At 21 d, phytase inclusion in the NC diet improved animal performance to a level comparable to the PC and the PC500 diets, which may suggest phytase was able to hydrolyze the phytate, improving P digestibility and consequently the performance of birds fed marginally deficient P diets. The use of phytase to hydrolyze phytate and increase P availability is the major reason why phytase is commercially used in broiler nutrition (Onyango et al., 2005). At 35 d, animals fed the PC500, NC1000 or NC1500 had better FCR than animals fed the PC diets. This improvement cannot necessarily be explained by an improvement in P nutrition as the low P and Ca in the NC diet did not negatively influence performance compared with the PC.
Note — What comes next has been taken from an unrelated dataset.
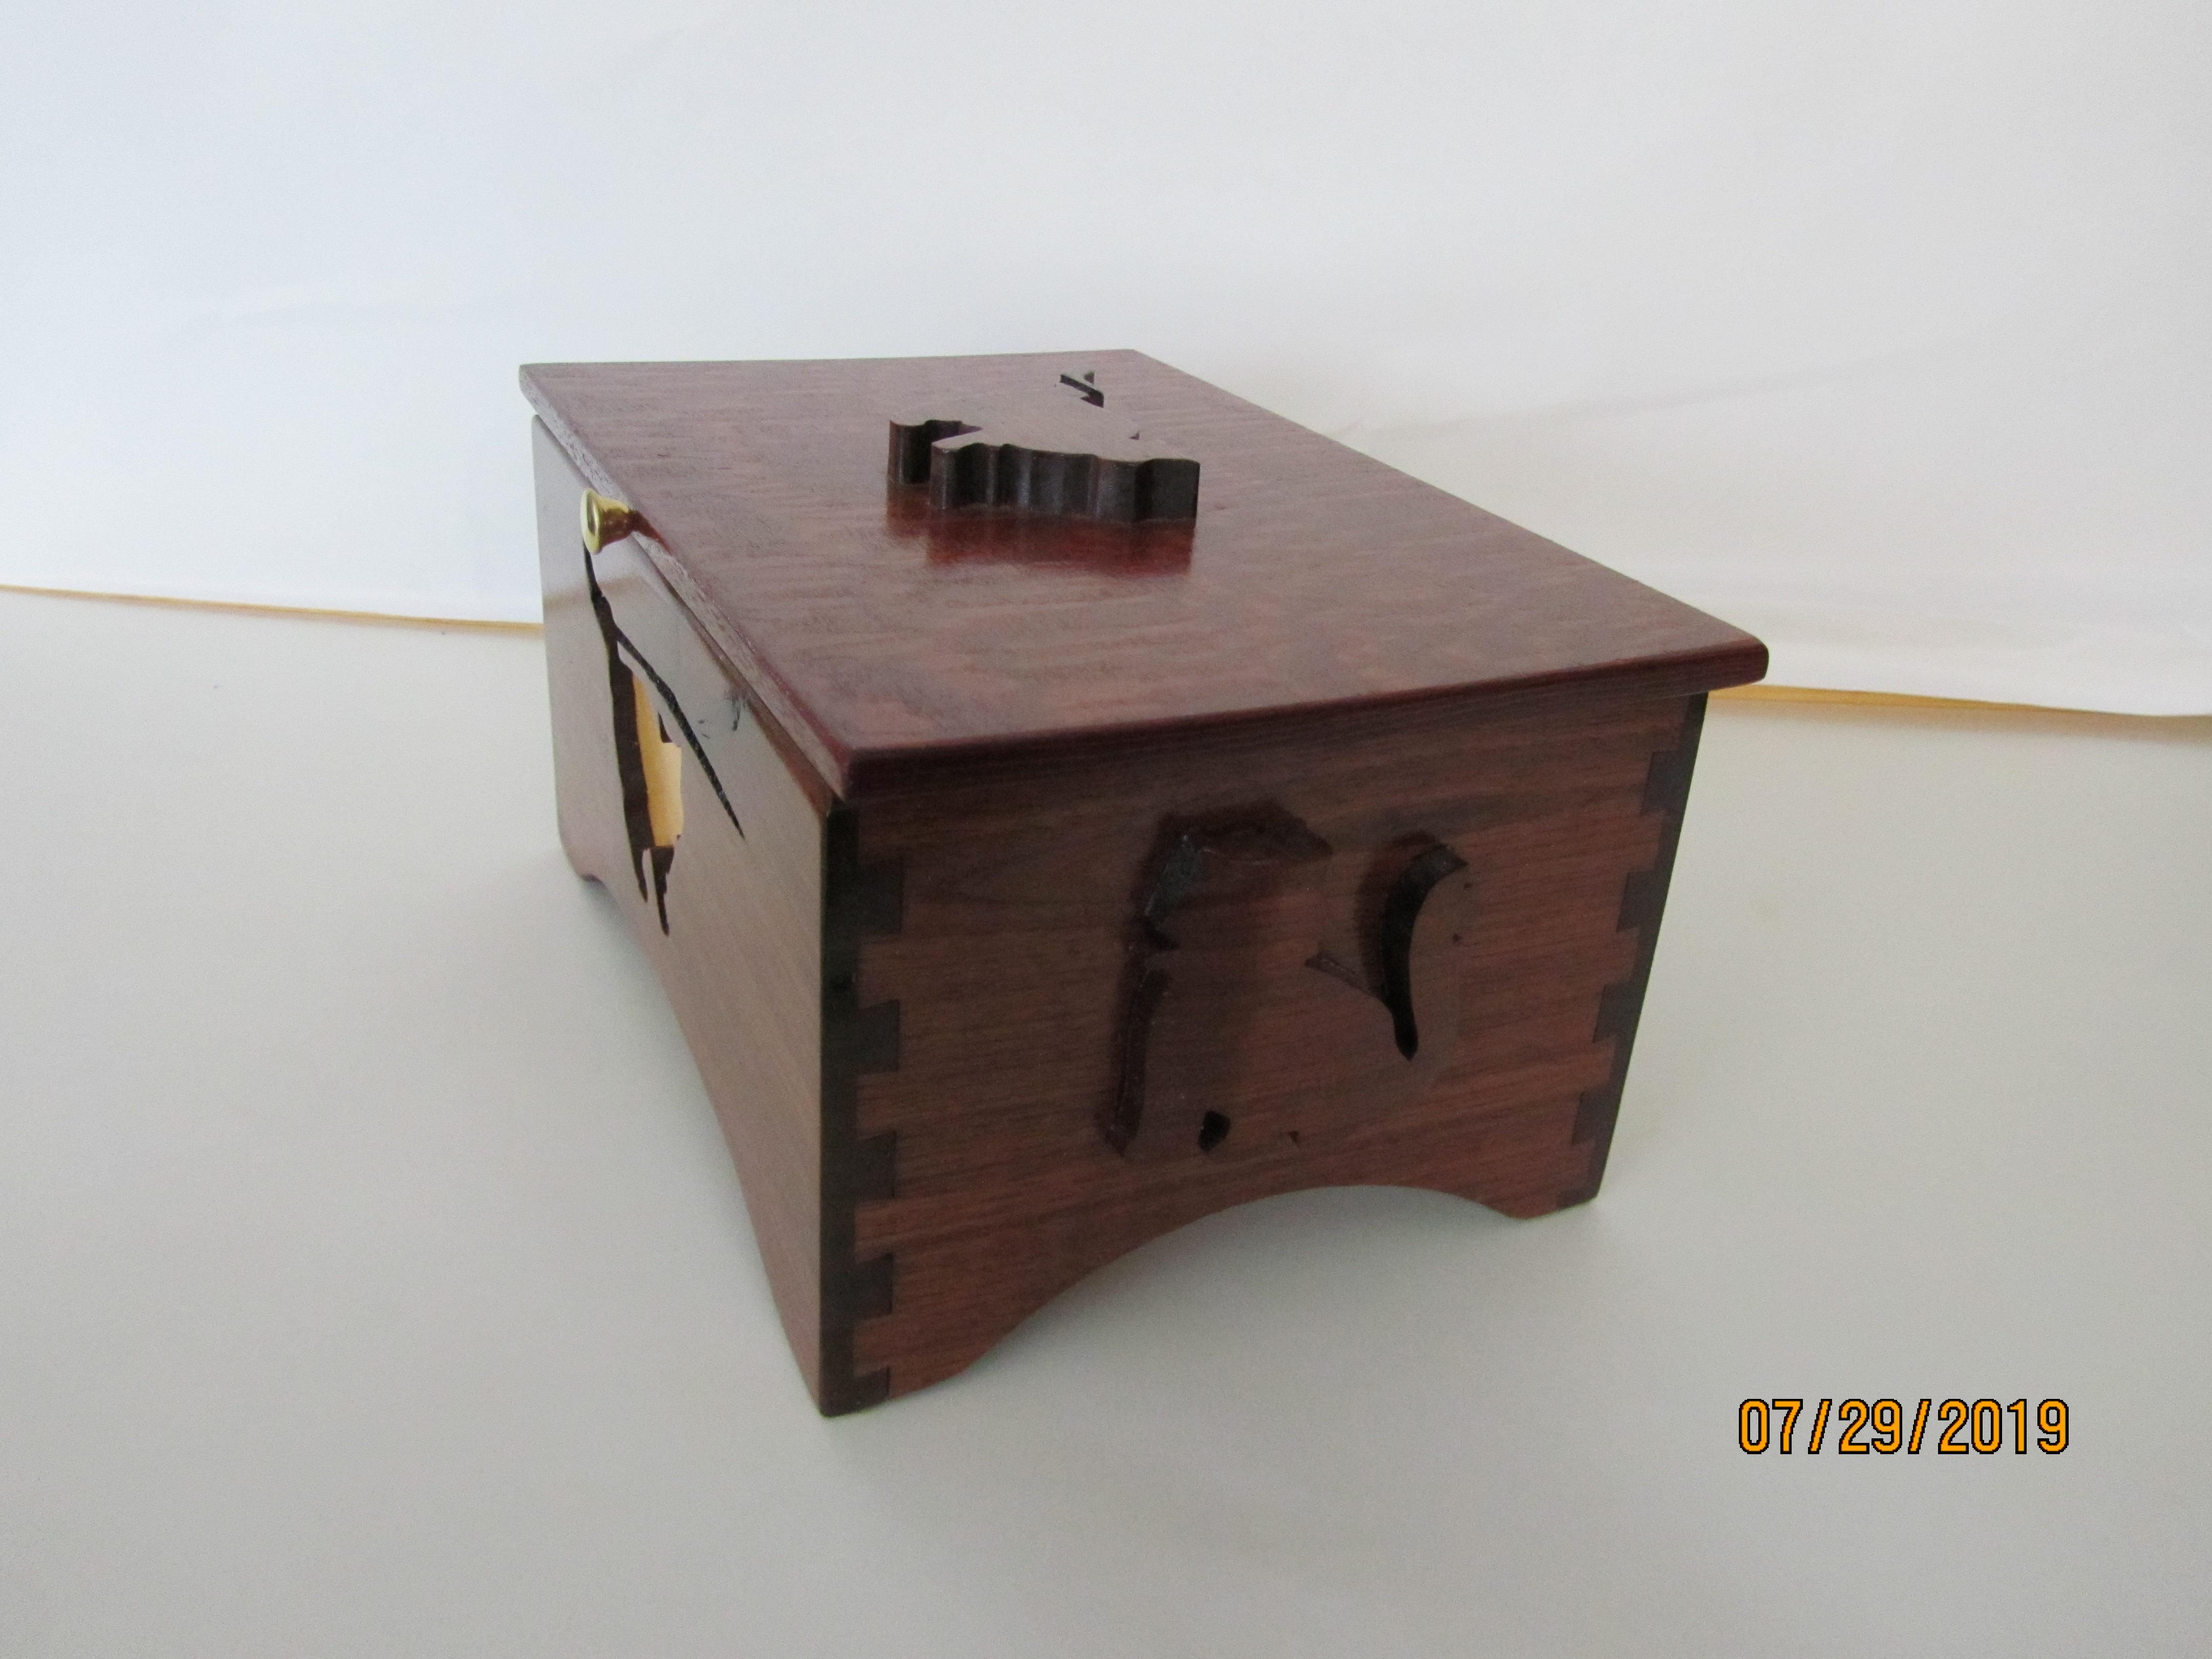 SOLD PB#183 $110 Cat Box
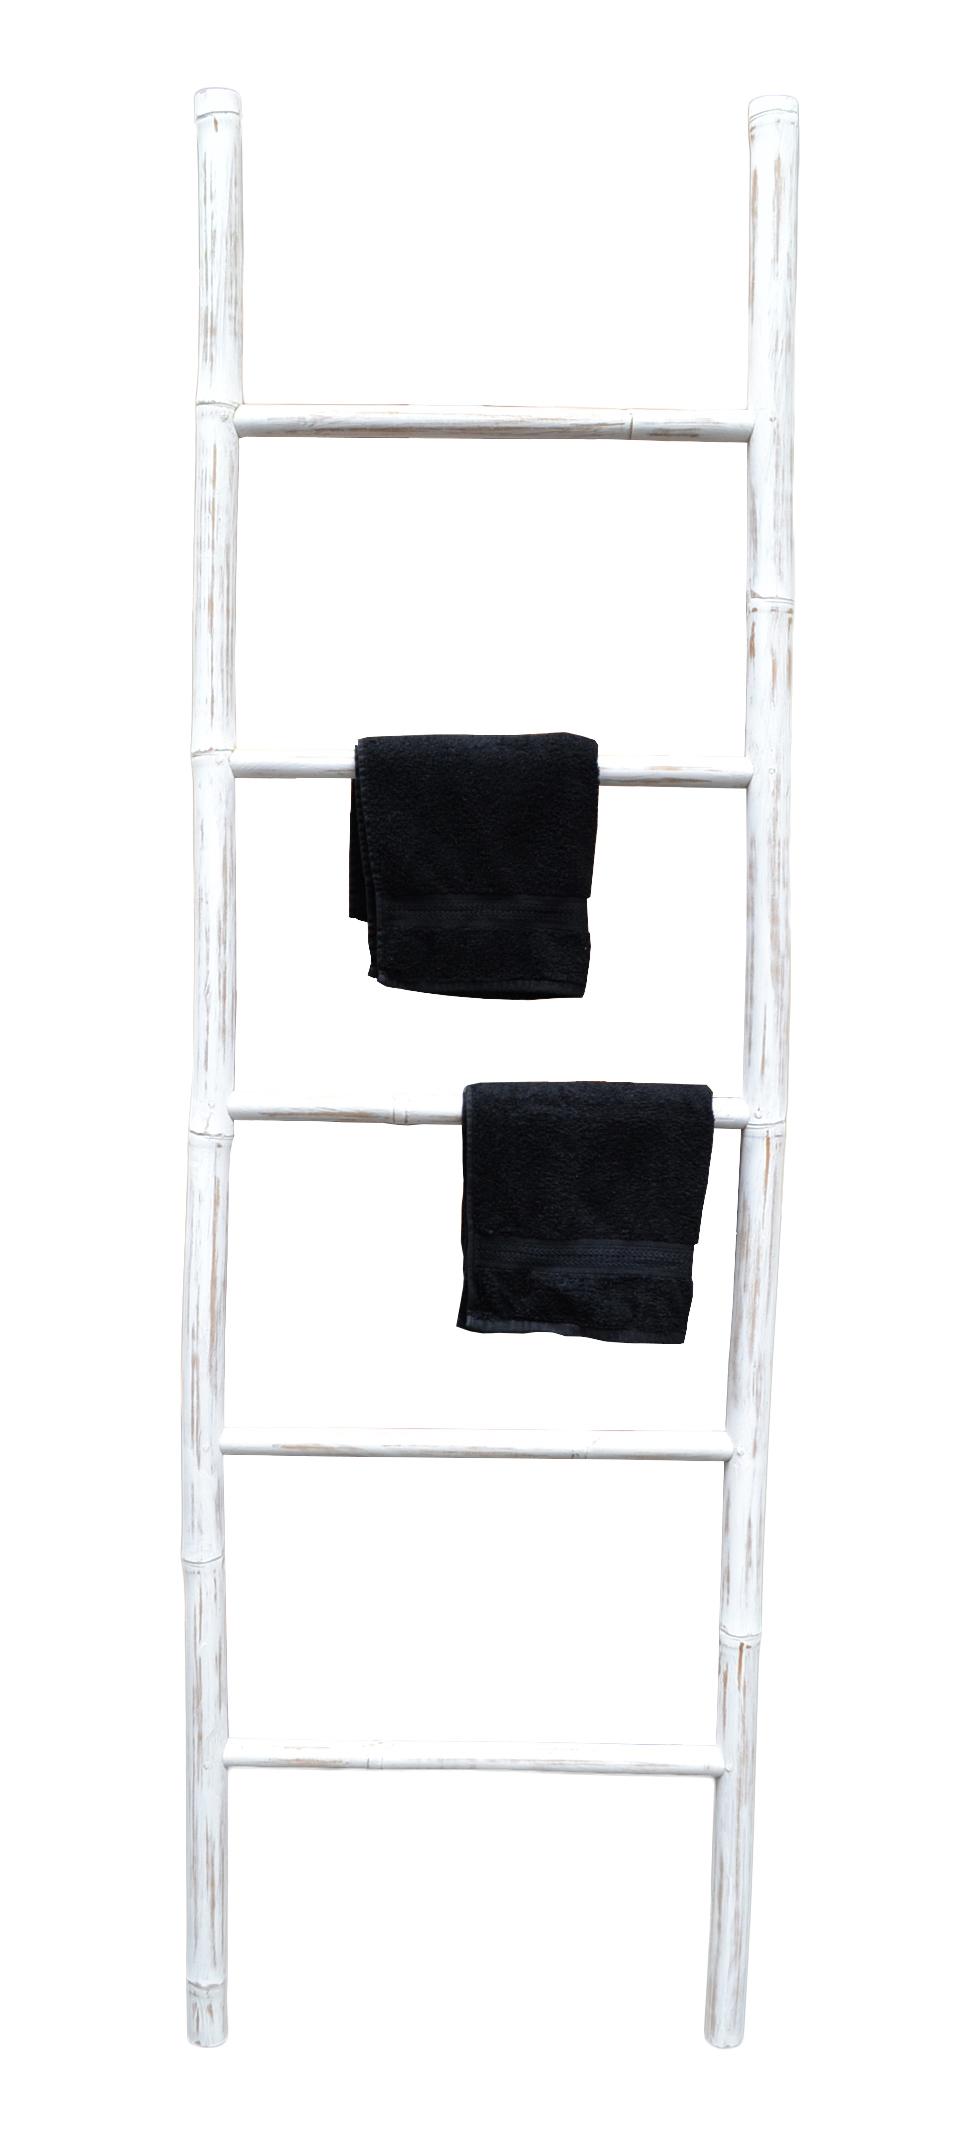 xl bambus handtuchhalter bambusleiter handtuchhalter. Black Bedroom Furniture Sets. Home Design Ideas

Phytate interacts with proteins (Liu et al., 2009), reducing its digestibility for broilers, reduces mineral absorption (Plumstead et al., 2008), and increases endogenous losses (Cowieson et al., 2004), characterizing it as an anti-nutrient for broilers (Cowieson et al., 2011). Phytase hydrolyzes the phytate molecule, releasing P and at the same time reducing the concentration and thus the anti-nutritional effects of phytate. Previous trials have shown that birds fed high levels of phytase have better FCR (Pirgozlev et al., 2011) and anti-oxidant status (Karadas et al., 2010), compared with birds fed diets sufficient in available P. In the present experiment, 500 FTU/kg inclusion of phytase in an available P adequate diet and 1,000 and 1,500 FTU/kg inclusion of phytase in a marginally deficient diet improved FCR of birds compared with birds fed a diet meeting the available P and Ca requirement, supporting the concept that hydrolysing phytate and consequently reducing the anti-nutritional effects of phytate can improve bird performance, particularly feed efficiency.

IMPLICATIONS

Phytate interferes with bird performance by reducing amino acid digestibility, mineral absorption and increasing endogenous losses.

The use of high dosages of phytase may allow for significantly improved FCR beyond that achievable with standard diets through the elimination of the anti-nutrient effects of phytate.

These results infer that growth performance of the modern broiler is currently constrained by dietary phytate.